═══ DATA RECORDS
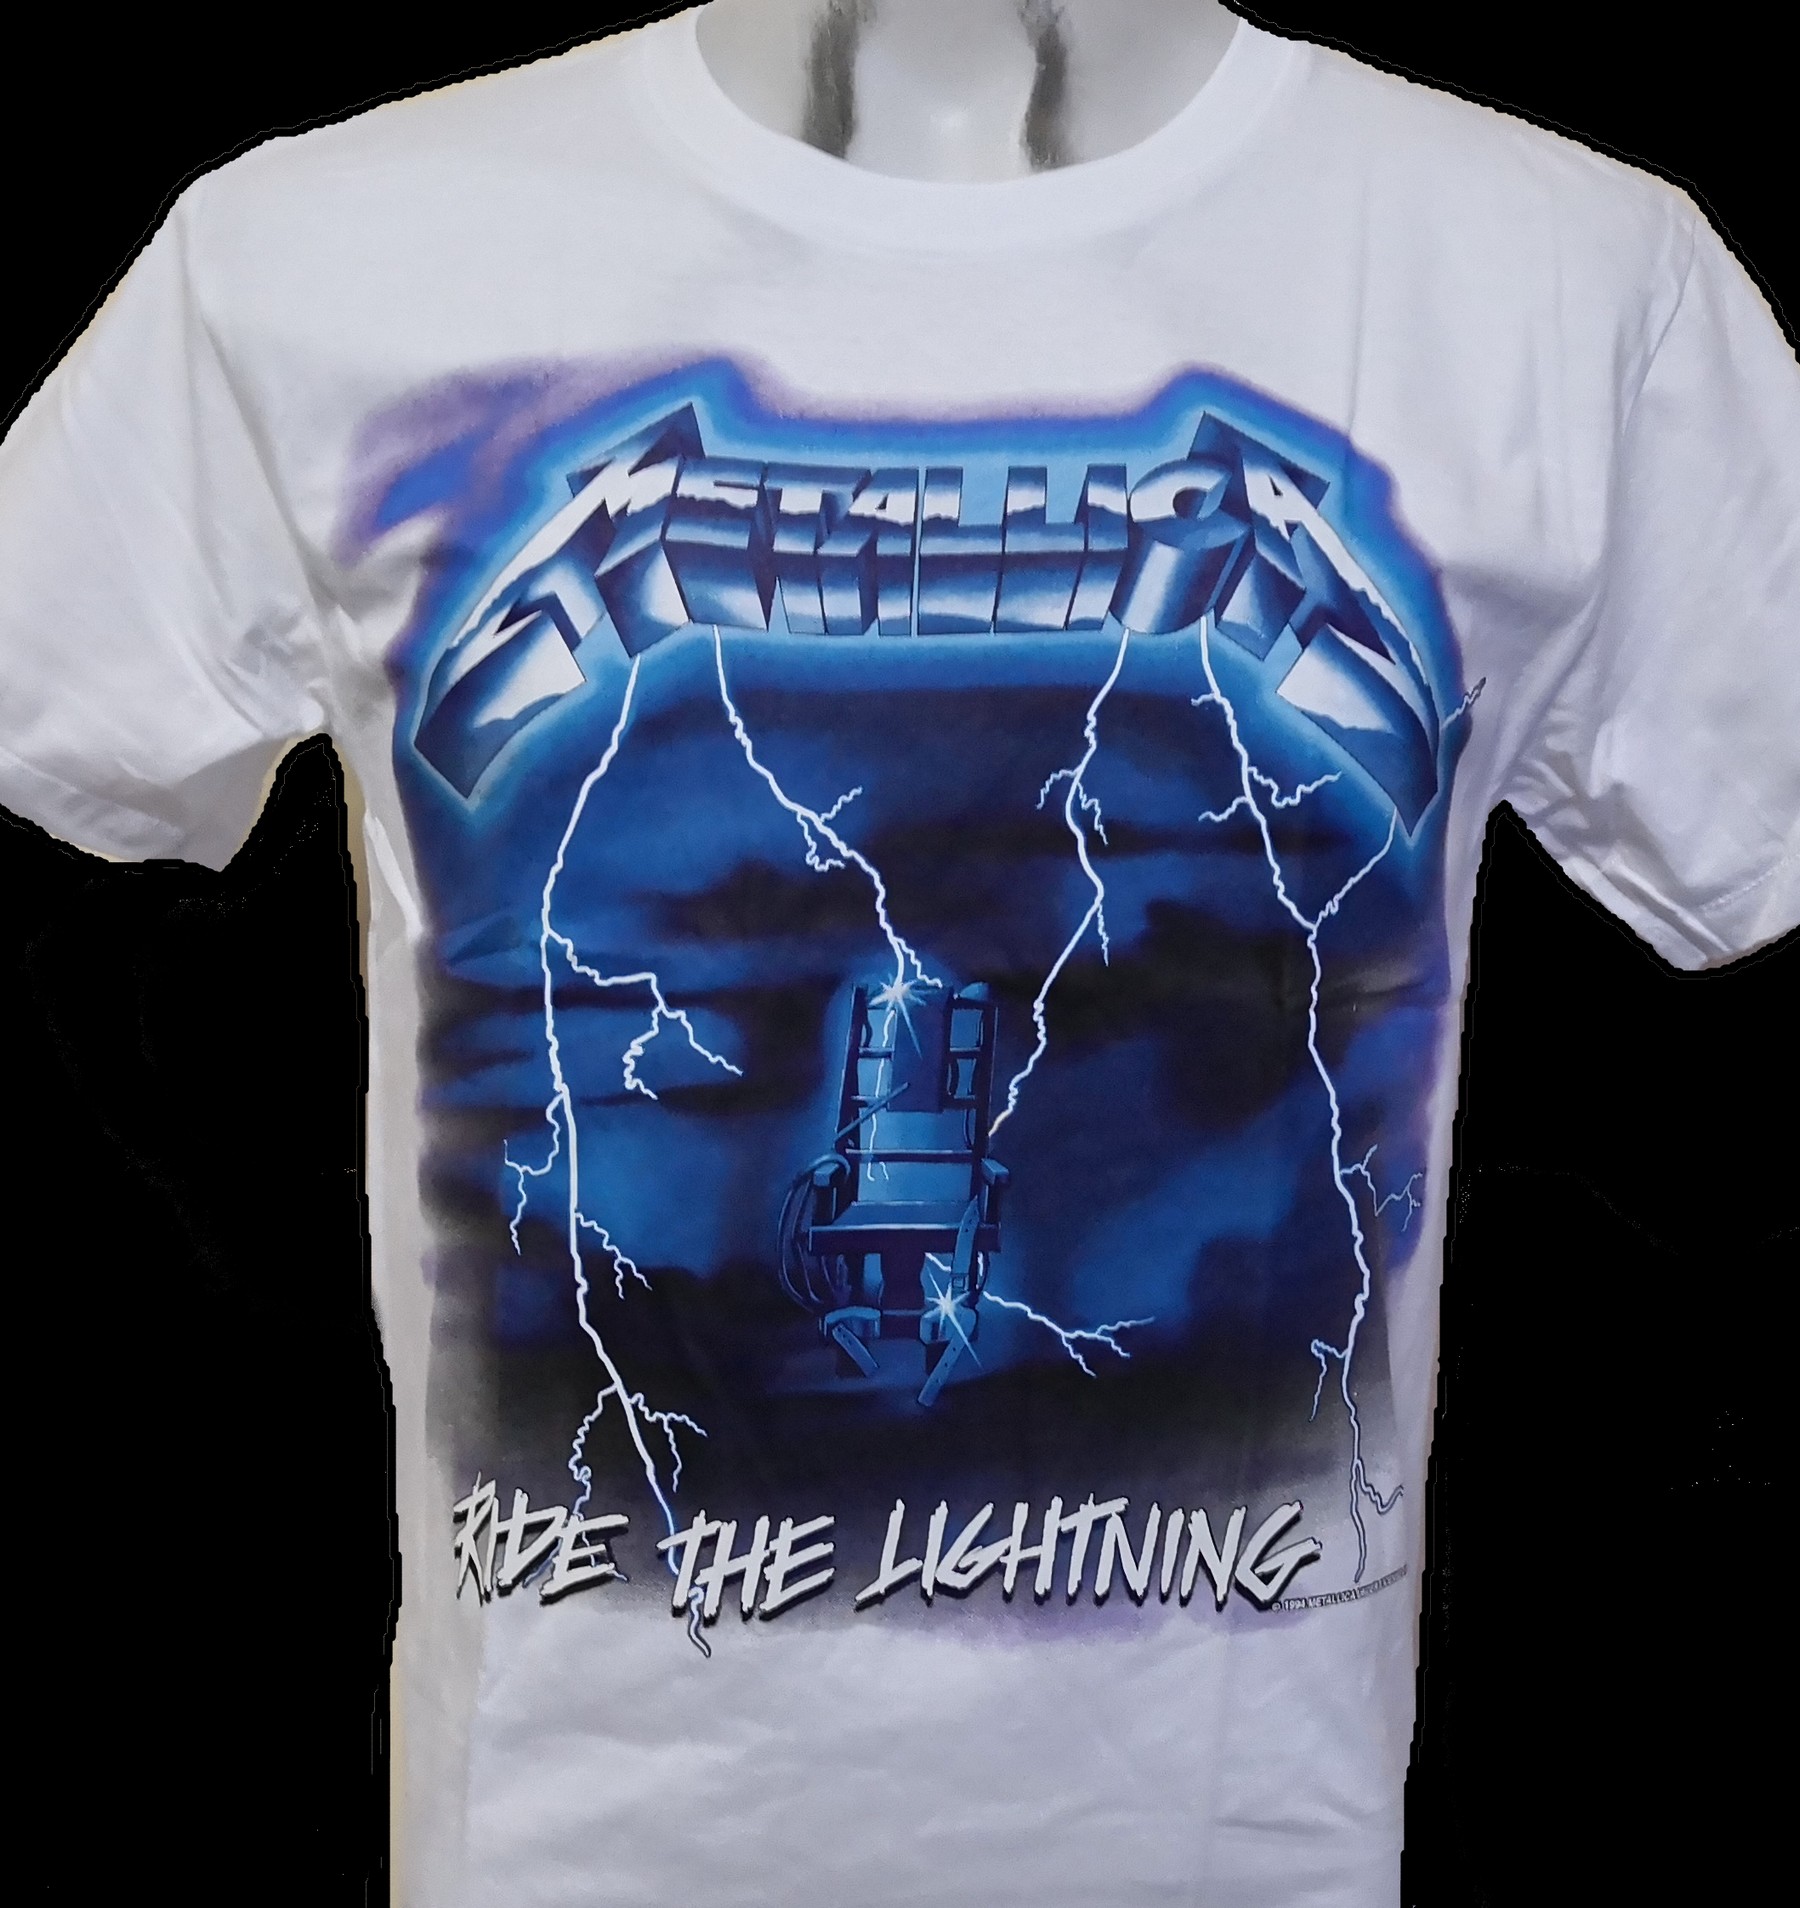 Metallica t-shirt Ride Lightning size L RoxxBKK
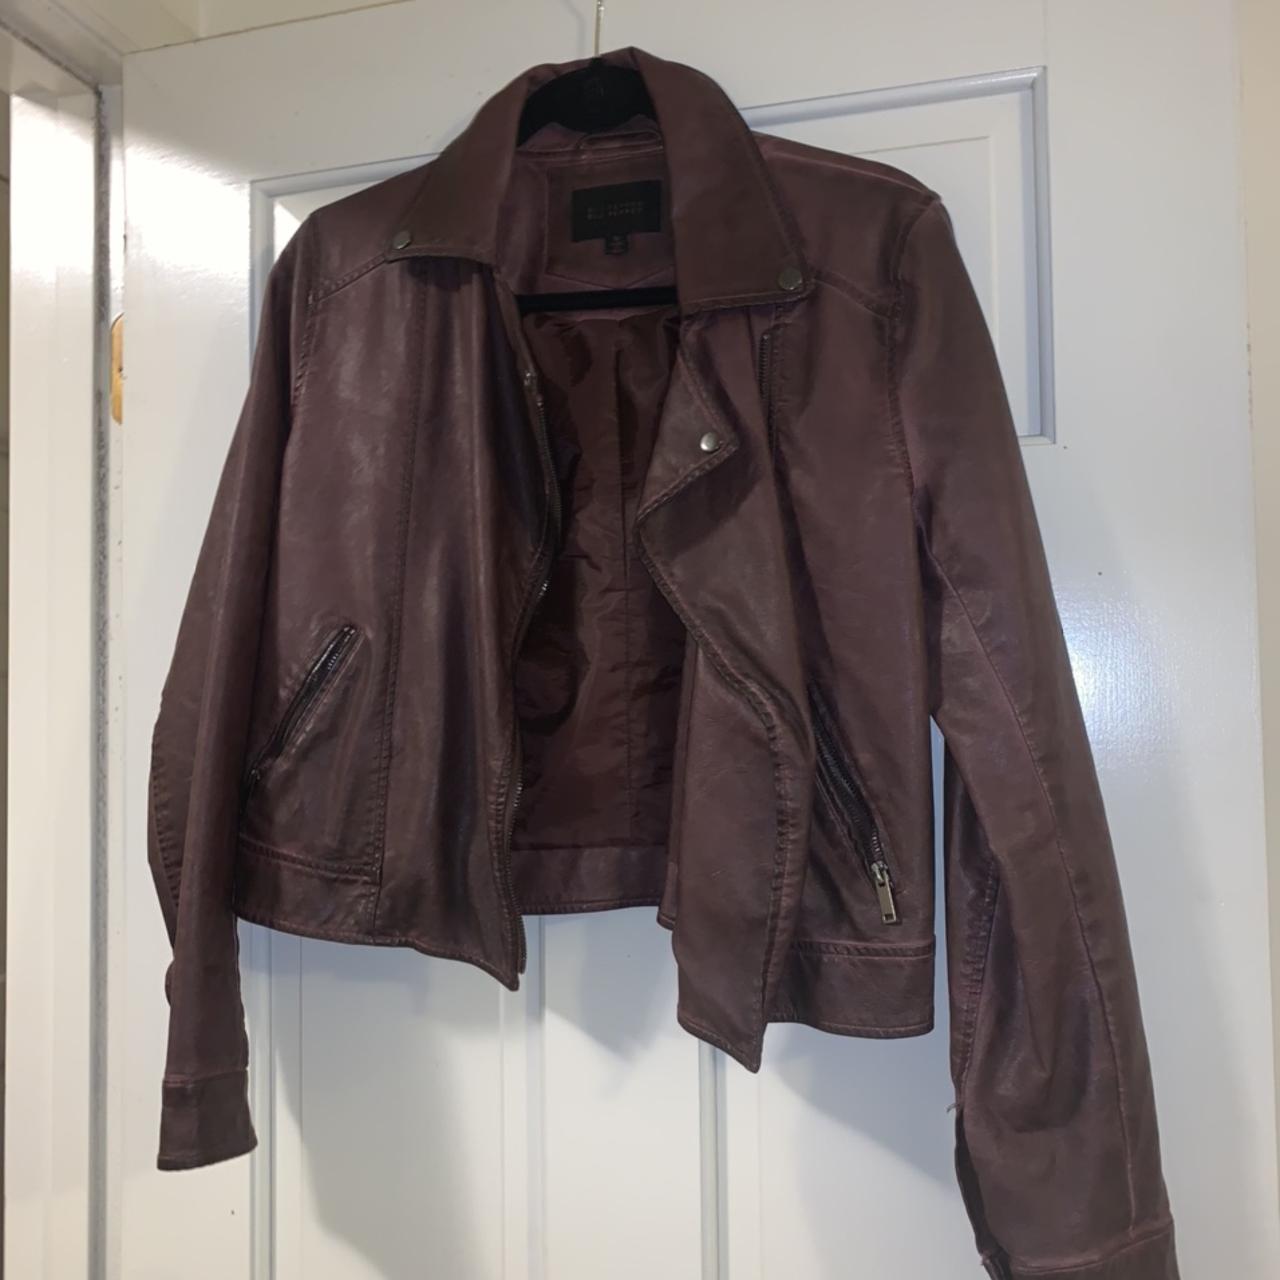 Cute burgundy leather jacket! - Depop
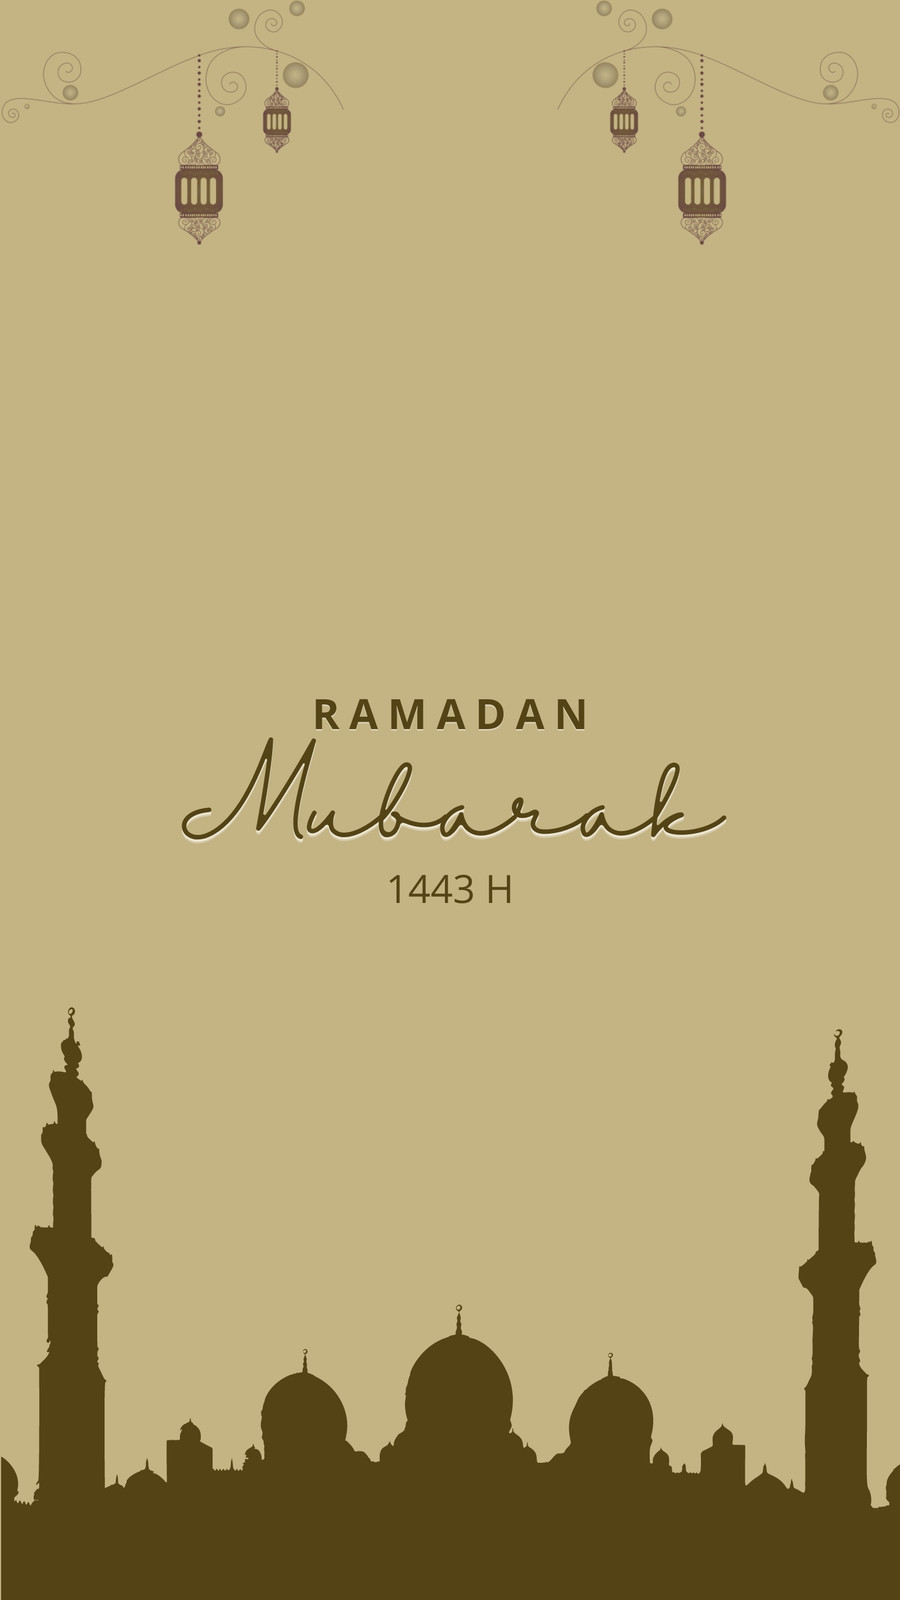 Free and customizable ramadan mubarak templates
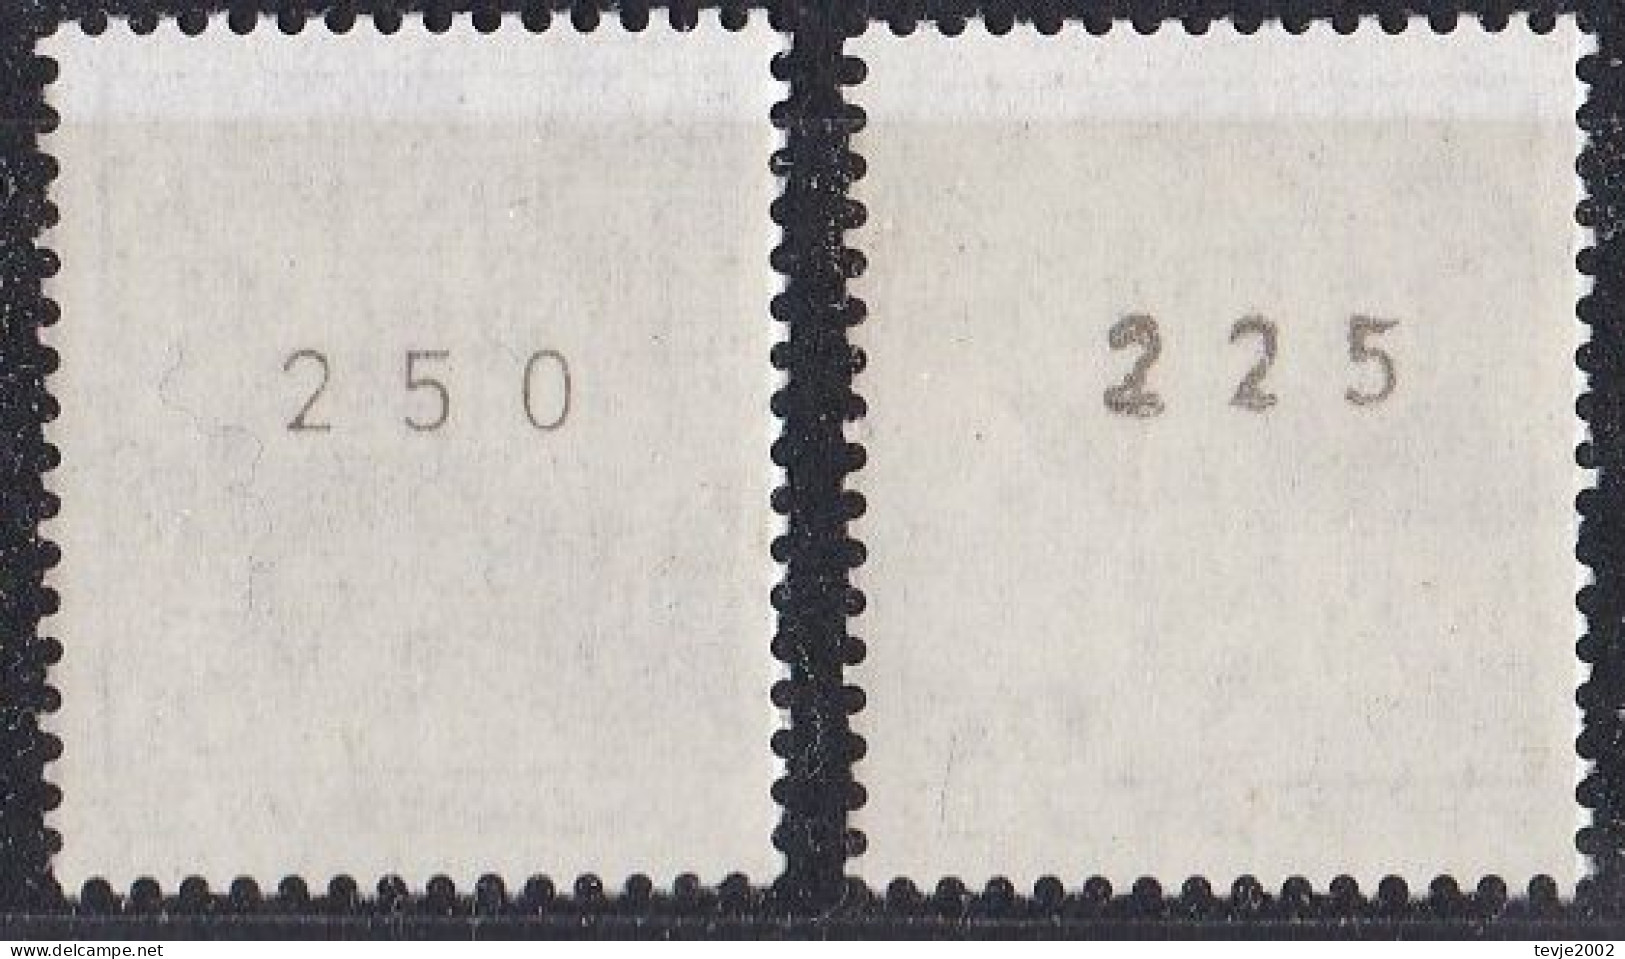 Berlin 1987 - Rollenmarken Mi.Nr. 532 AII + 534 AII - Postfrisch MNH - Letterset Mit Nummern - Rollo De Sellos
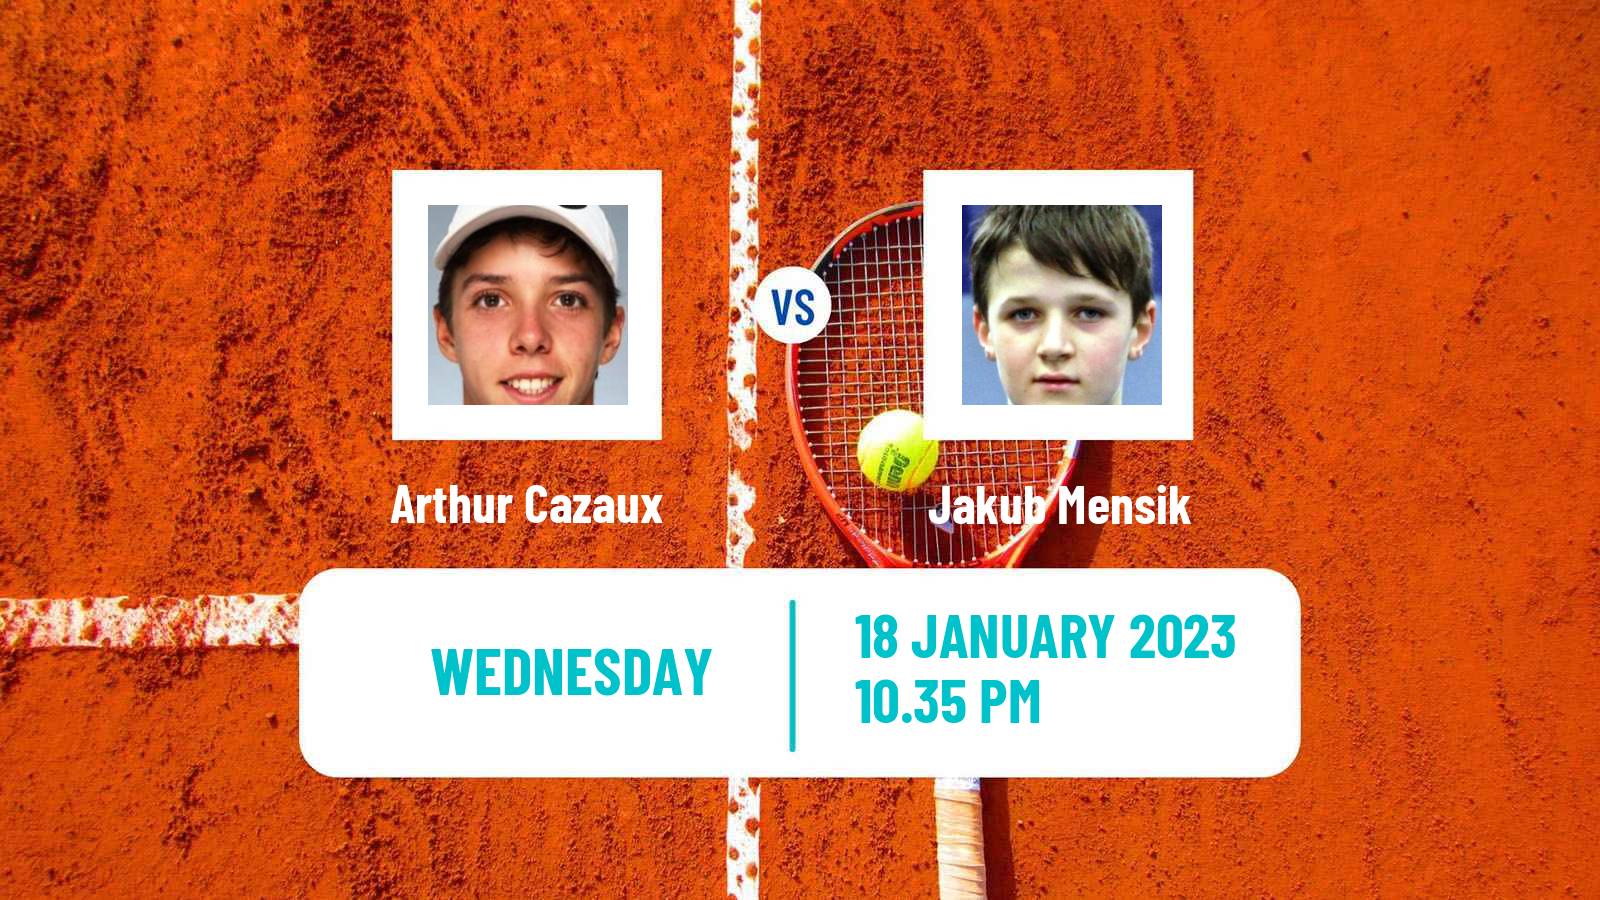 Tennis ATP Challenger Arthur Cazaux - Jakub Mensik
══════
Give back each line above exactly, with pictures dropped.

 Metallica t-shirt Ride Lightning size L RoxxBKK
 Cute burgundy leather jacket! - Depop
 Free and customizable ramadan mubarak templates
 Berlin 1987 - Rollenmarken Mi.Nr. 532 AII + 534 AII - Postfrisch MNH - Letterset Mit Nummern - Rollo De Sellos
 Tennis ATP Challenger Arthur Cazaux - Jakub Mensik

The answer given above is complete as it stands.